Brites Dora, Vaz Ana R
Research Institute for Medicines (iMed.ULisboa), Faculdade de Farmácia, Universidade de Lisboa Lisbon, Portugal ; Department of Biochemistry and Human Biology, Faculdade de Farmácia, Universidade de Lisboa Lisbon, Portugal.
Front Cell Neurosci. 2014 May 22;8:117. doi: 10.3389/fncel.2014.00117. eCollection 2014.

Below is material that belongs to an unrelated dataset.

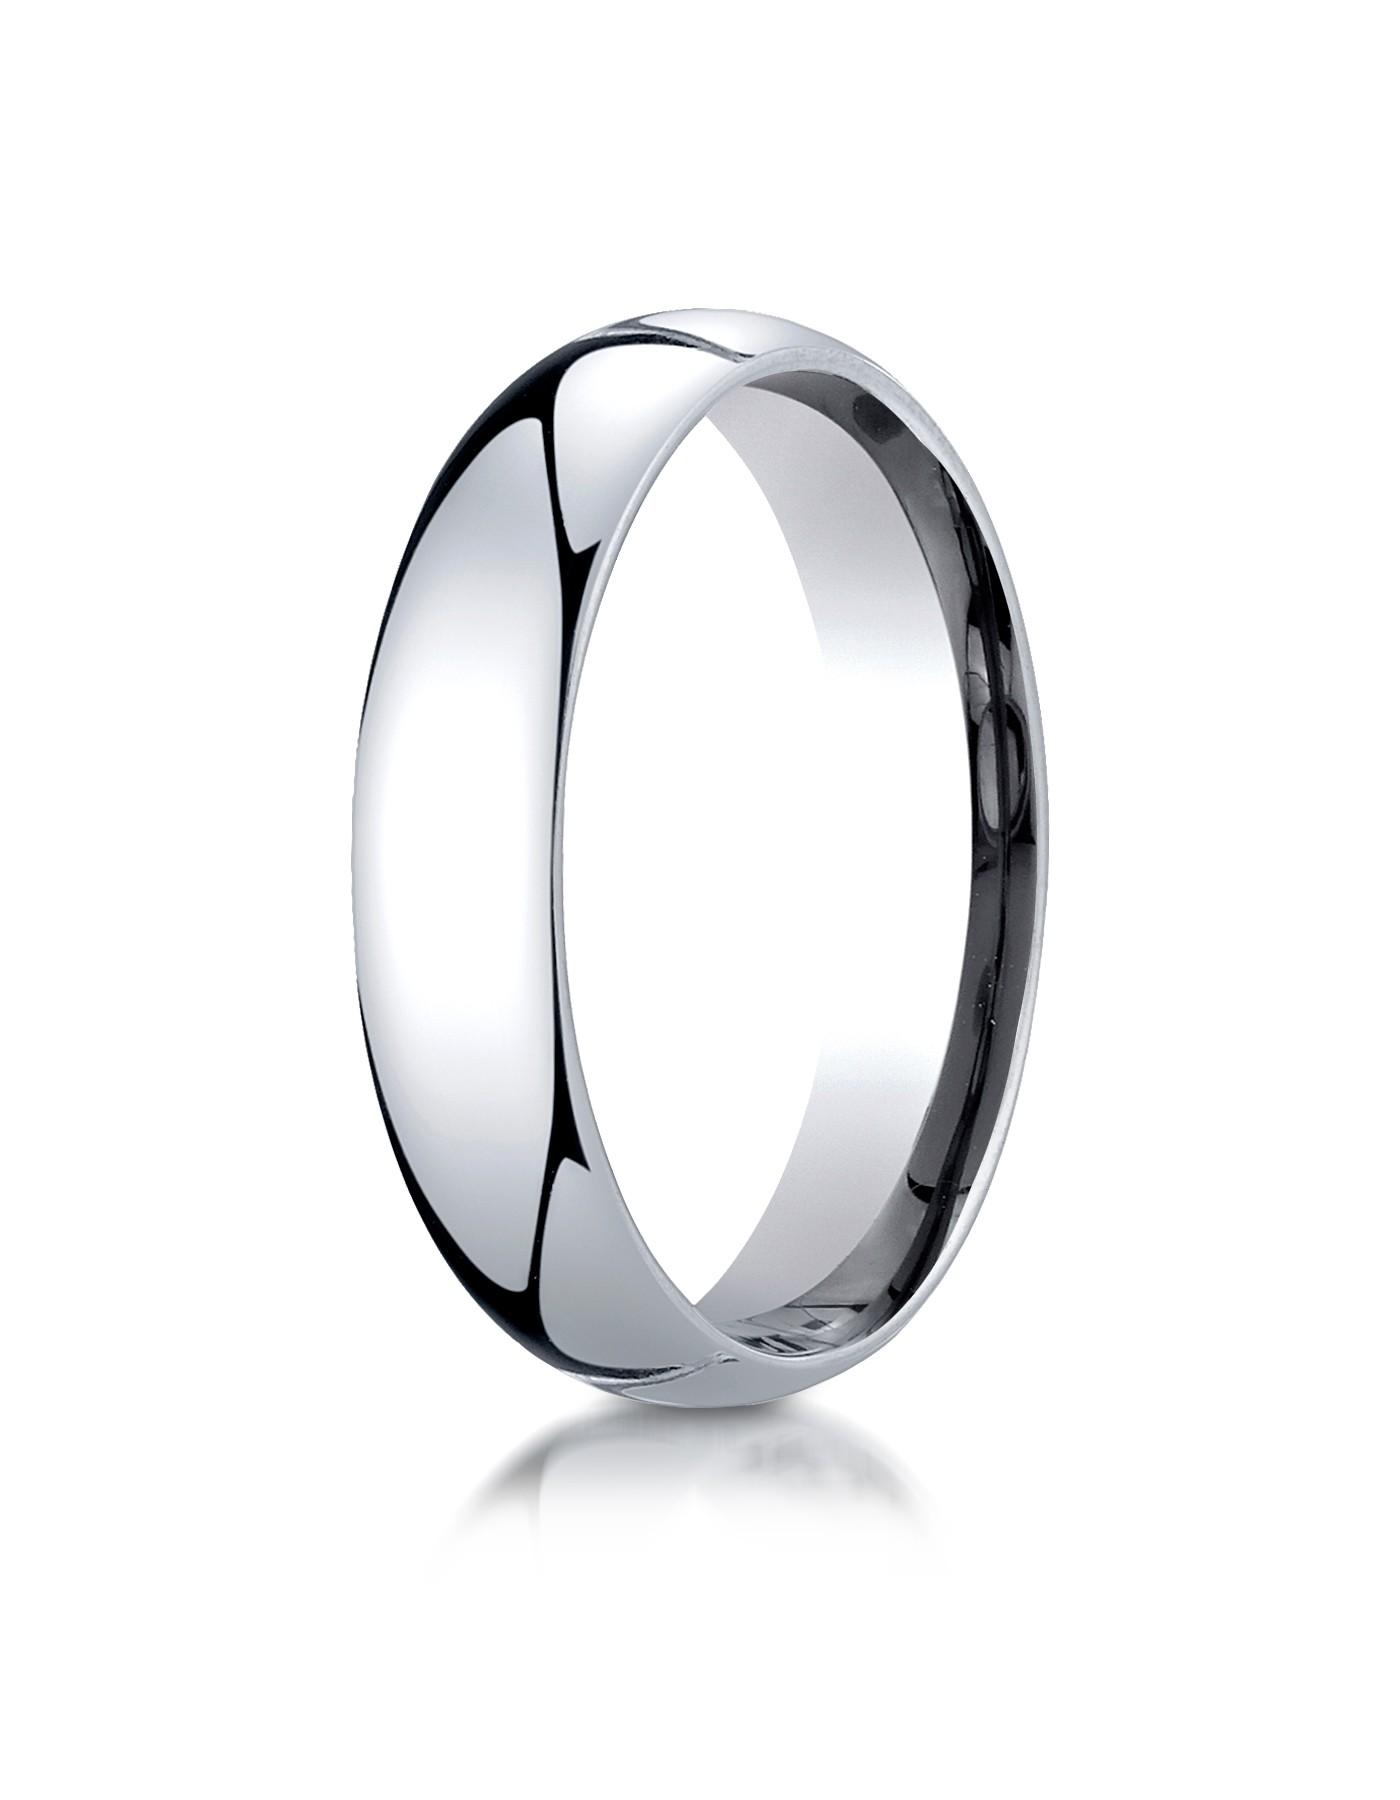 14k White Gold 5mm Slightly Domed Super Light Comfort-fit Ring

Amyotrophic lateral sclerosis (ALS) is the most common and most aggressive form of adult motor neuron (MN) degeneration. The cause of the disease is still unknown, but some protein mutations have been linked to the pathological process. Loss of upper and lower MNs results in progressive muscle paralysis and ultimately death due to respiratory failure. Although initially thought to derive from the selective loss of MNs, the pathogenic concept of non-cell-autonomous disease has come to the forefront for the contribution of glial cells in ALS, in particular microglia. Recent studies suggest that microglia may have a protective effect on MN in an early stage. Conversely, activated microglia contribute and enhance MN death by secreting neurotoxic factors, and impaired microglial function at the end-stage may instead accelerate disease progression. However, the nature of microglial-neuronal interactions that lead to MN degeneration remains elusive. We review the contribution of the neurodegenerative network in ALS pathology, with a special focus on each glial cell type from data obtained in the transgenic SOD1G93A rodents, the most widely used model. We further discuss the diverse roles of neuroinflammation and microglia phenotypes in the modulation of ALS pathology. We provide information on the processes associated with dysfunctional cell-cell communication and summarize findings on pathological cross-talk between neurons and astroglia, and neurons and microglia, as well as on the spread of pathogenic factors. We also highlight the relevance of neurovascular disruption and exosome trafficking to ALS pathology. The harmful and beneficial influences of NG2 cells, oligodendrocytes and Schwann cells will be discussed as well. Insights into the complex intercellular perturbations underlying ALS, including target identification, will enhance our efforts to develop effective therapeutic approaches for preventing or reversing symptomatic progression of this devastating disease.
肌萎缩侧索硬化症(ALS)是成人运动神经元(MN)变性最常见且最具侵袭性的形式。该疾病的病因仍不清楚,但一些蛋白质突变已与病理过程相关联。上下运动神经元的丧失导致进行性肌肉麻痹,并最终因呼吸衰竭而死亡。尽管最初认为源于运动神经元的选择性丧失,但非细胞自主疾病的致病概念已因胶质细胞,特别是小胶质细胞在ALS中的作用而成为前沿研究内容。最近的研究表明,小胶质细胞在早期可能对运动神经元具有保护作用。相反,活化的小胶质细胞通过分泌神经毒性因子促进并加剧运动神经元死亡,而末期小胶质细胞功能受损可能反而加速疾病进展。然而,导致运动神经元变性的小胶质细胞 - 神经元相互作用的本质仍然难以捉摸。我们回顾了神经退行性网络在ALS病理学中的作用,特别关注从转基因SOD1G93A啮齿动物(最广泛使用的模型)获得的数据中每种胶质细胞类型的作用。我们进一步讨论神经炎症和小胶质细胞表型在调节ALS病理学中的不同作用。我们提供与功能失调的细胞间通讯相关的过程信息,并总结神经元与星形胶质细胞、神经元与小胶质细胞之间病理相互作用以及致病因子传播的研究结果。我们还强调神经血管破坏和外泌体运输与ALS病理学的相关性。此外,还将讨论NG2细胞、少突胶质细胞和雪旺细胞的有害和有益影响。深入了解ALS潜在的复杂细胞间扰动,包括靶点识别,将增强我们开发有效治疗方法以预防或逆转这种毁灭性疾病症状进展的努力。